I've got bits of this working, but I'm running into a problem. Authentication is being handled by an external web single-sign-on service, so the only visibility to the ID of the logged in user is in a request variable. If I put audit logging in the model, through a callback, for example, I can be fairly sure that all data modifications are logged, but the model has no visibility to the request variables, so I can't log the user ID. This also ensures that changes to the state machine (currently using state_machine plugin) get logged.
If, on the other hand, I put the audit logging in the application controller, I lose the ability to be sure that all CRUD operations are logged (code in the Case model calling Subject.create, for example, wouldn't be logged). I also think that I'd lose state changes.
Is there a way to be sure that all CRUD operations are logged throughout the association tree such that the user ID of the logged in user is recorded?
CRUD operations must be logged, including what the operation was, who the actor was, and when the operation occurred
This can be addressed with an ActiveRecord::Callbacks and an attr_accessor field.
In any of the models that need to be logged add the following.
attr_accessor :modifier_id, :modifier
valiadate :valid_user
before_validate :populate_modifier
before_save :write_save_attempted_to_audit_log
after_save :write_save_completed_to_audit_log
def populate_modifier
self.modifier = User.find_by_id(modifier_id) unless modifier
end
def valid_user
unless modifier
errors.add(:modifiers_user_id, "Unknown user attempted to modify this record")

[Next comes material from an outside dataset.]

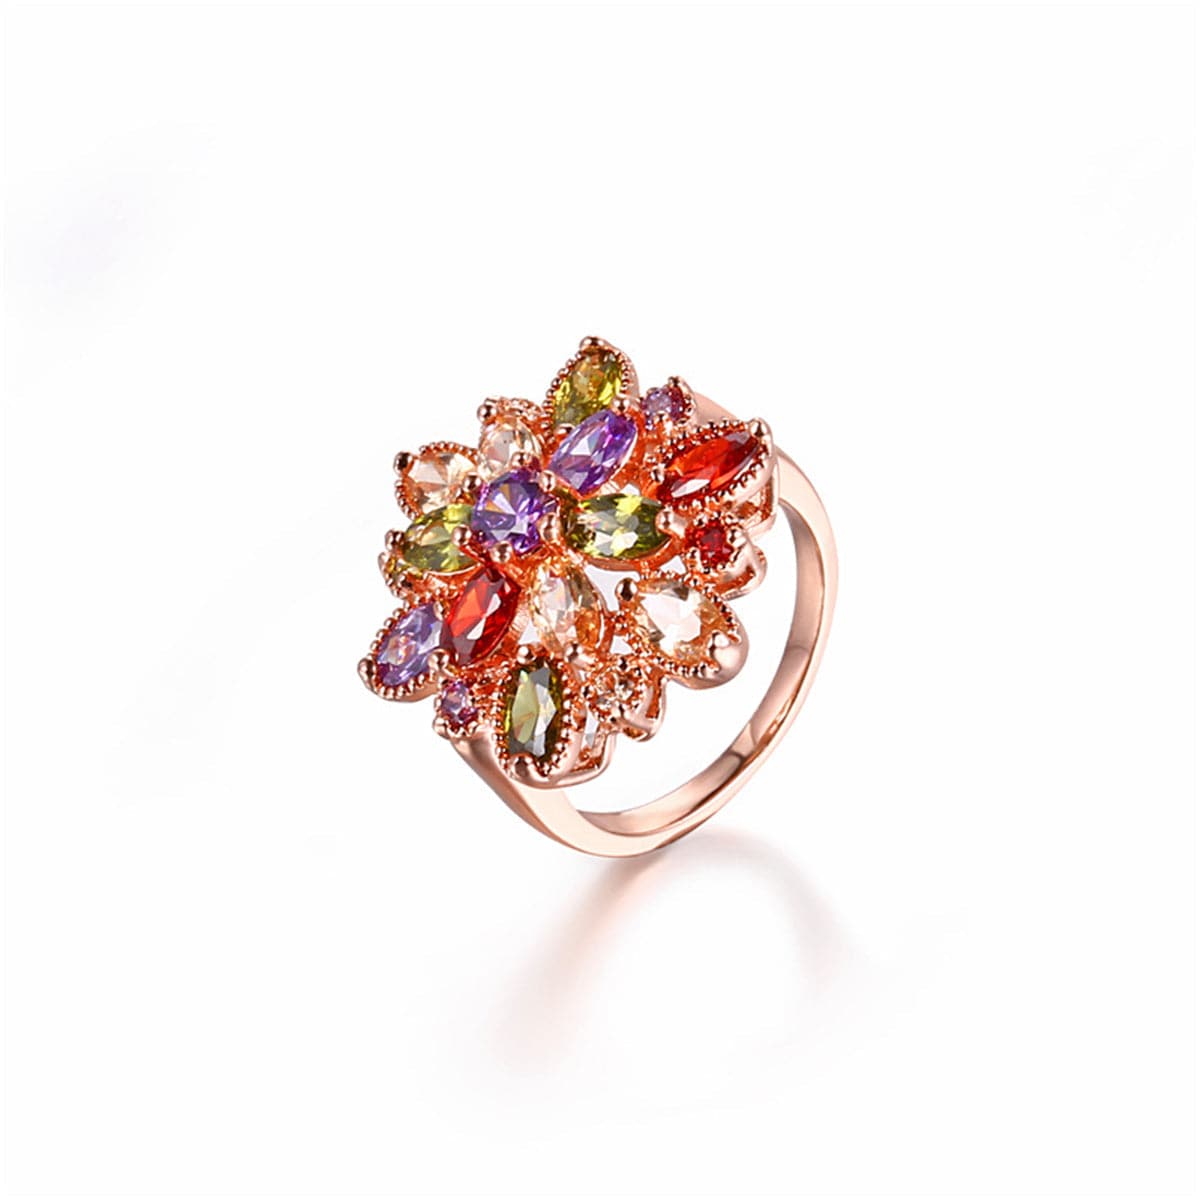 Red Crystal & 18K Rose Gold-Plated Flower Band Ring

write_unauthorized_modification_to_audit_log
end
end
def write_save_attempted_to_audit_log
# announce that user is attempting to save a record with timestamp to audit log
# use ActiveRecord::Dirty.changes to show the change the might be made
end
def write_save_competed_to_audit_log
# announce that user has successfully changed the record with timestamp to audit log
end
def write_unauthorized_modification
# announce that a change was attempted without a user
end
Because you're likely to use this in a few models you can abstract it into a plugin, and add it only with needed with a method call like audit_changes. See any of the acts_as plugins for inspiration on how to accomplish this.
In the controllers you will need to remember to add #thing.modifier = #current_user before attempting to save.

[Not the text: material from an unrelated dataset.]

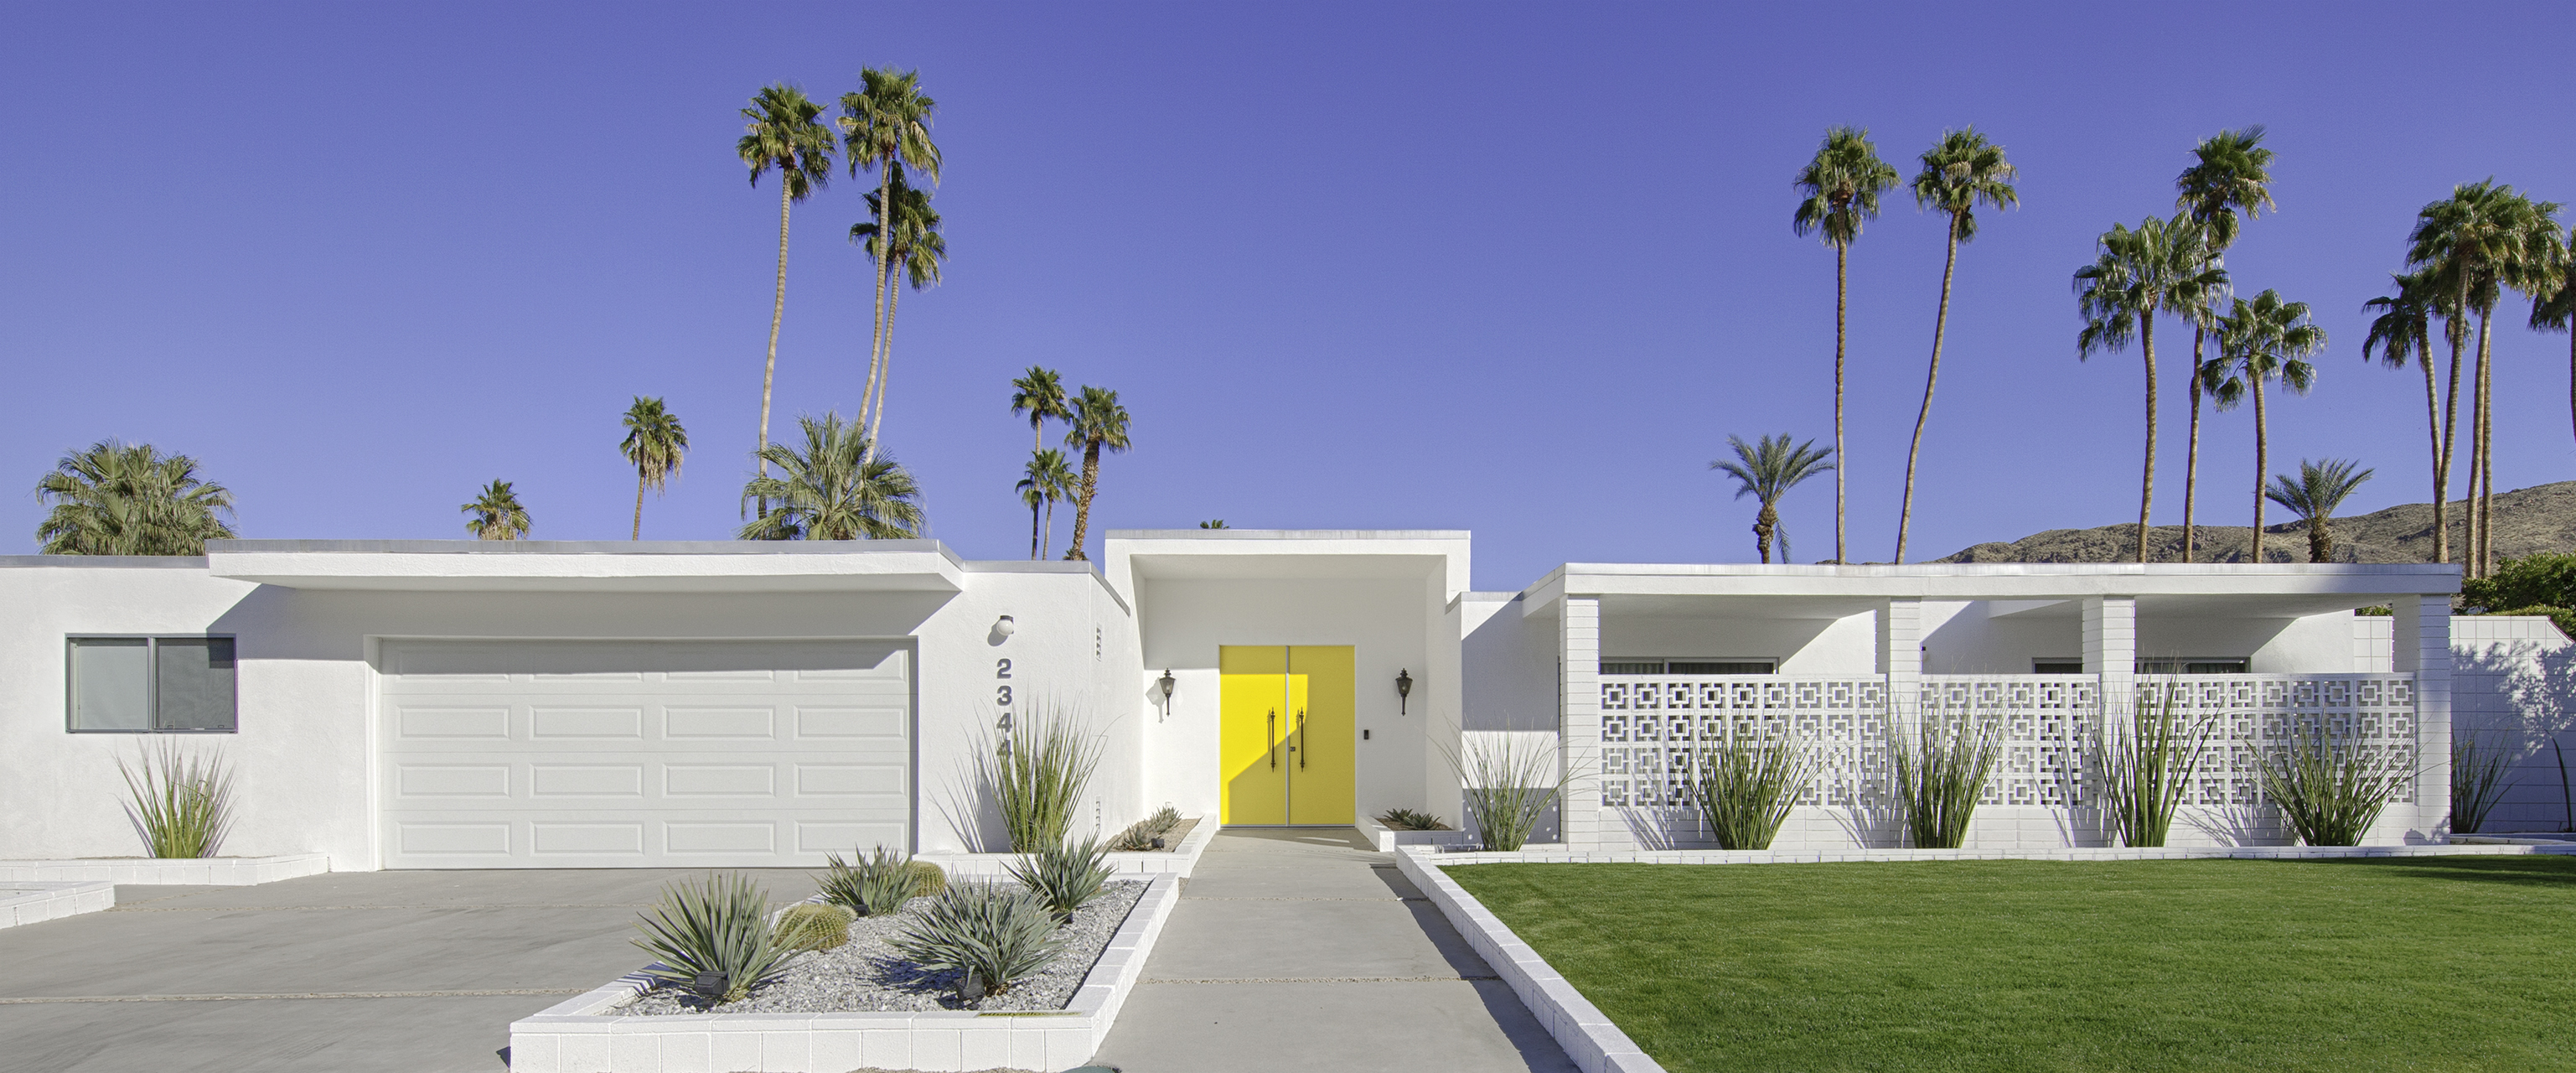 palm springs real estate, pools in palm springs, high desert real estate

There needs to be some way to validate the data (i.e. recording MD5 checksums of records)
As for a checksum... of an operation? You could override inspect to print a string containing all the information in the record in a consistent fashion and then generate a checksum for that. While you're at it, might as well add it to the to the audit log as part of the writing to log methods.
Some data should be write-once (i.e. the app can create an audit log entry, but that log cannot be edited or deleted from within the application thereafter)

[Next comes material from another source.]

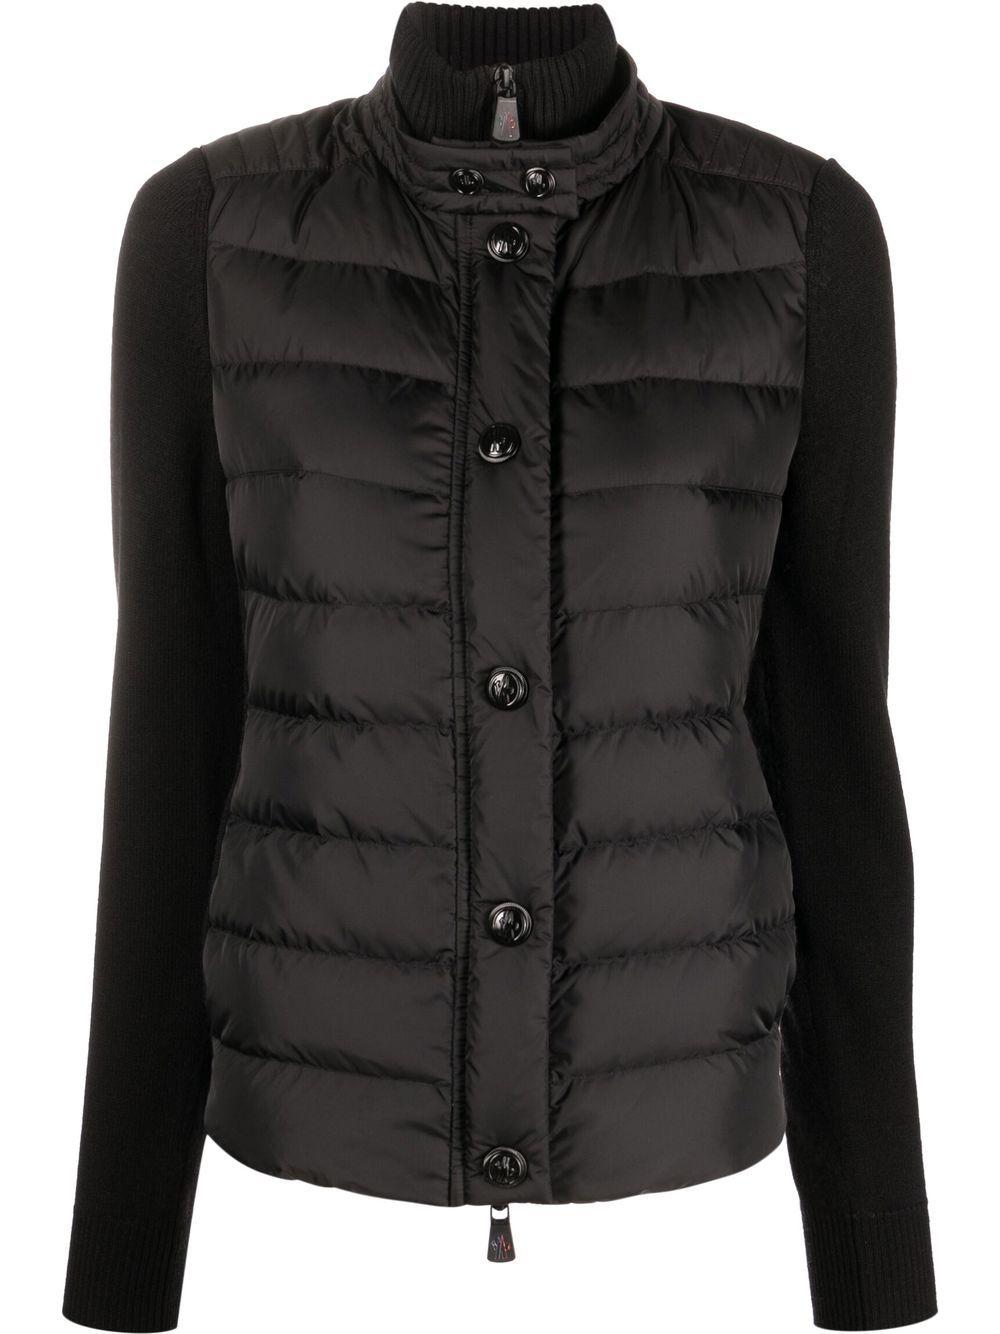 Moncler Padded Wool Cardigan in Black | Lyst

Write each access log as a separate file with a deterministic name ("/logs/audits/#{class}/#{id}/#{timestamp}") and remove the write permission once it's saved. File.chmod(0555, access_log_file)
Changes to associated objects probably should be logged throughout the nesting. For example, adding a CustodyLog to a piece of Evidence should have a log for itself, a log for it's Evidence, and a log for the parent Case. This is to ensure that the last update timestamp for the Case accurately reflects the real last update, and not just the last time that the Case model data itself changed.
As for the 4th requirement. That will automatically get rolled into my solution for the first if you use accepts_nested_attributes_for on any of your nested relationships. And :autosave => true for belongs_to relationships.
If you're saving checksums into audit logs, you can roll a check into the before_save method to ensure the object you're working on, was has not been tampered with. Just by checking the latest audit log for the object and matching up the checksums.